■ Exercise goal:
Set down the data below in full, exactly as it reads, but without the pictures.

■ Stored data:

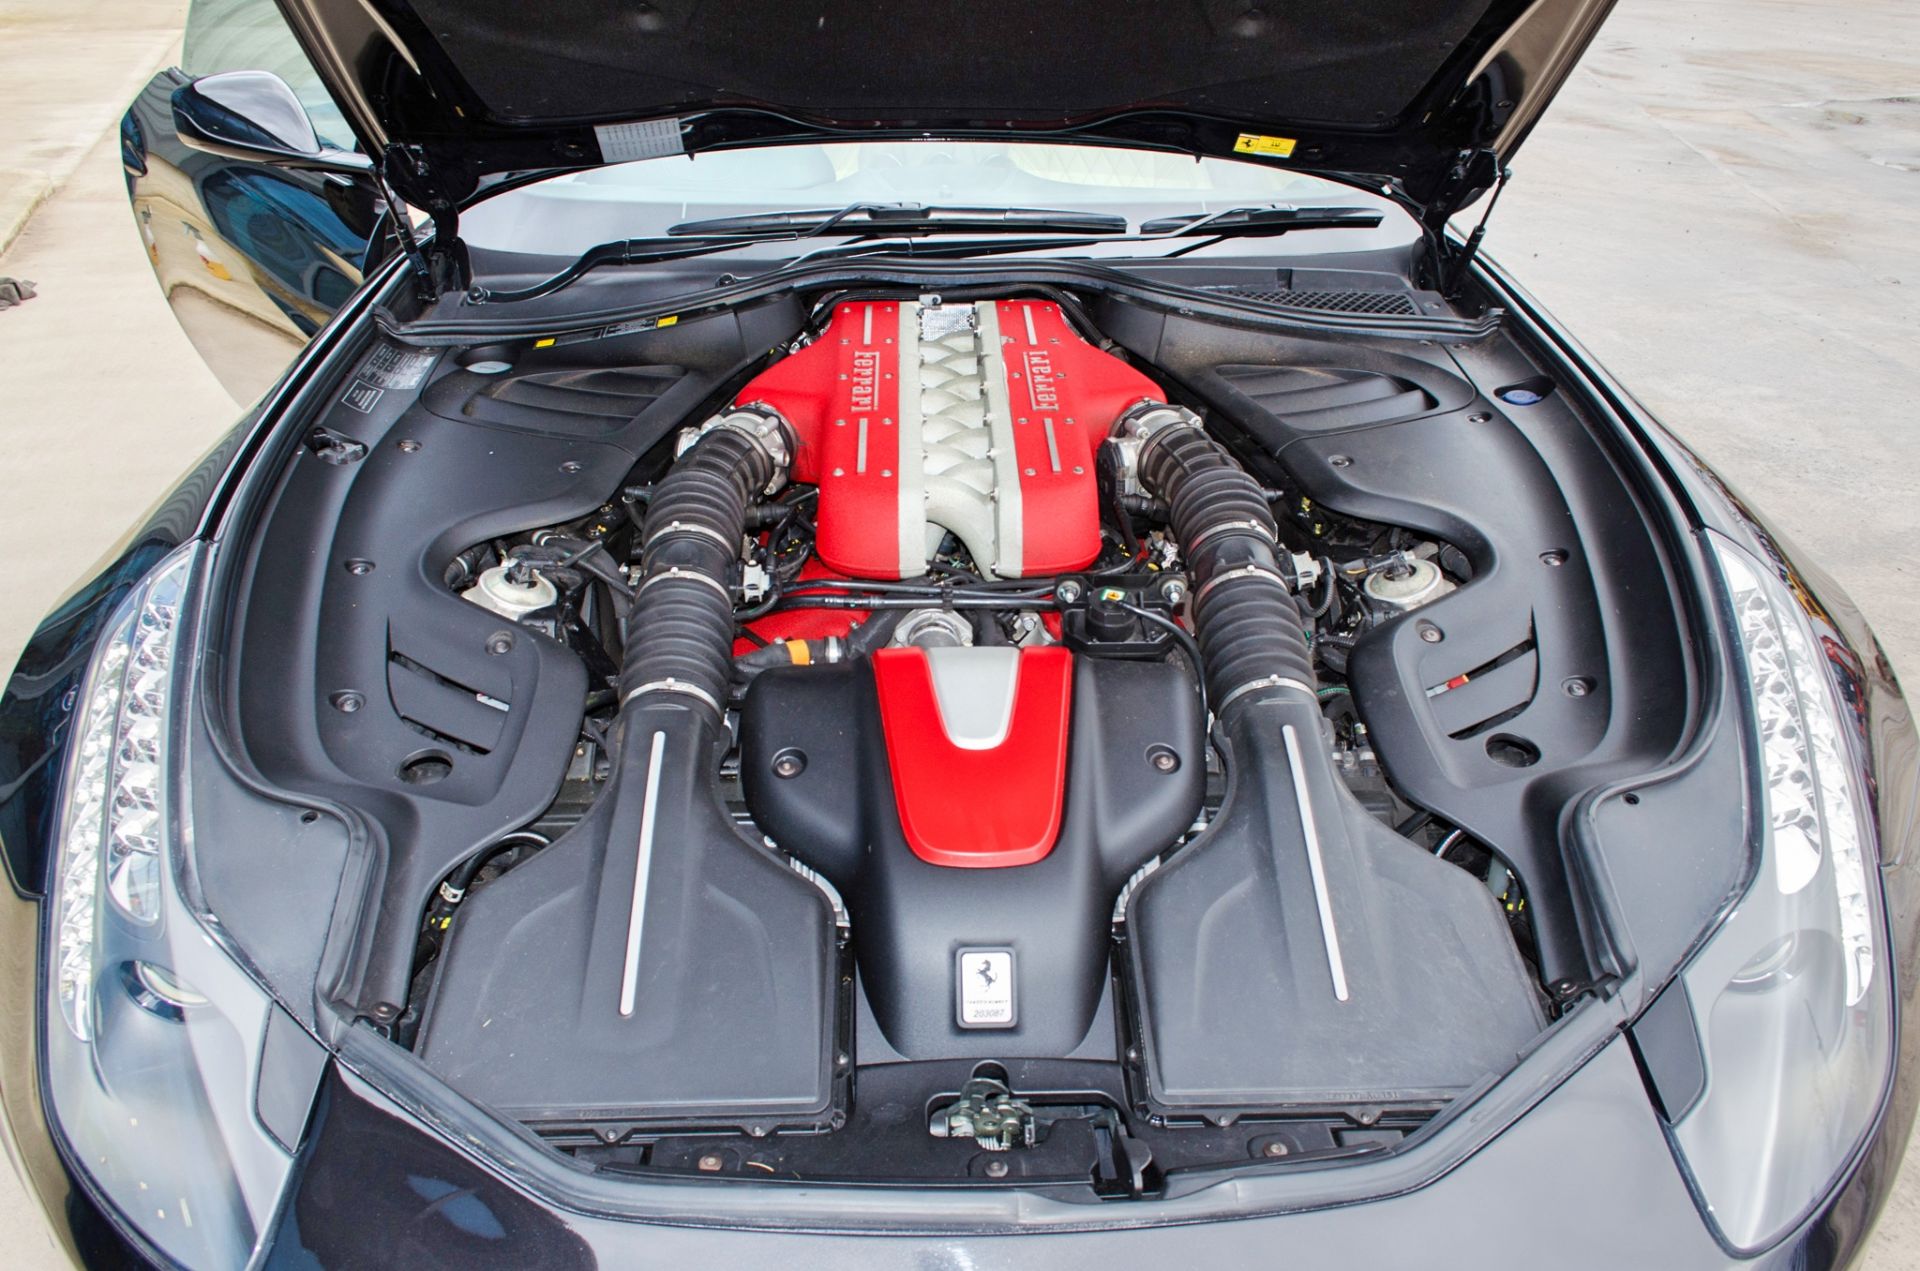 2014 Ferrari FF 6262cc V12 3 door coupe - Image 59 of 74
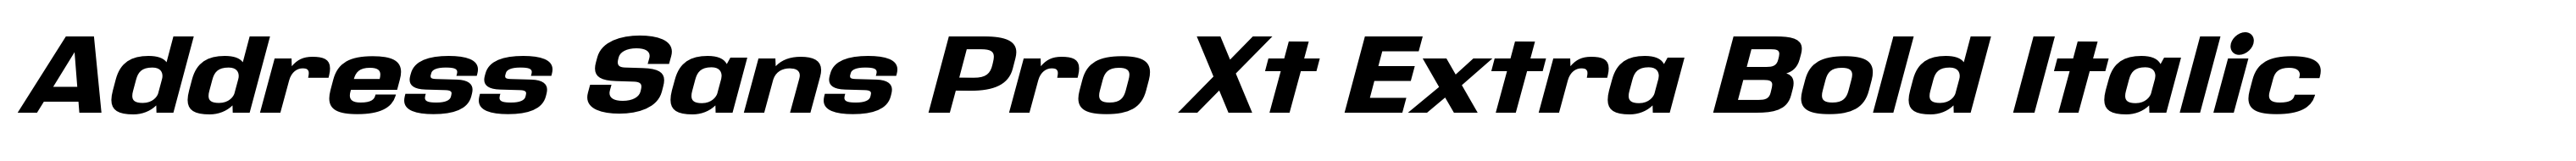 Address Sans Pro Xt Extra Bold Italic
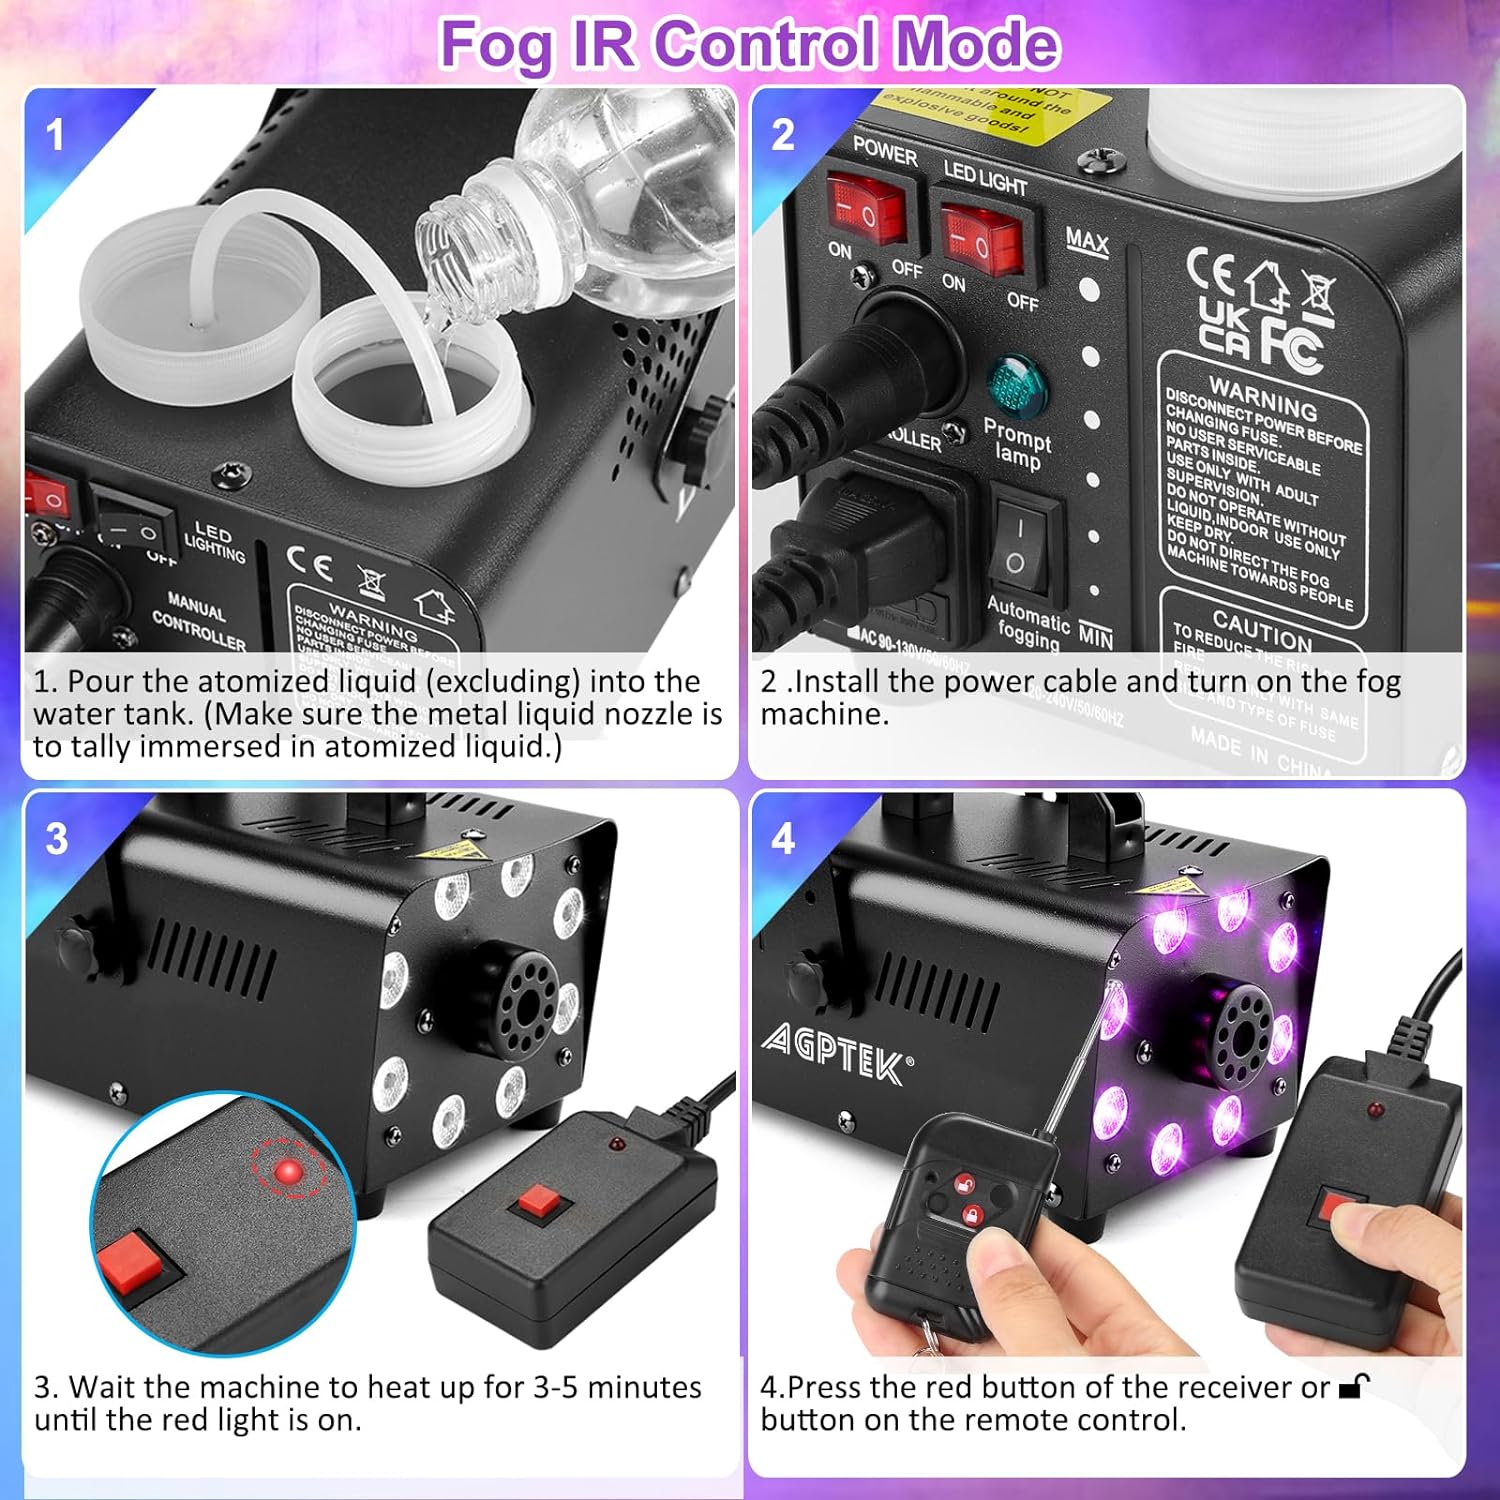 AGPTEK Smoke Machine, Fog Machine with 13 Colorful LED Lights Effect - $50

■ Response below:
 2014 Ferrari FF 6262cc V12 3 door coupe - Image 59 of 74
 Address Sans Pro Xt Extra Bold Italic
 AGPTEK Smoke Machine, Fog Machine with 13 Colorful LED Lights Effect - $50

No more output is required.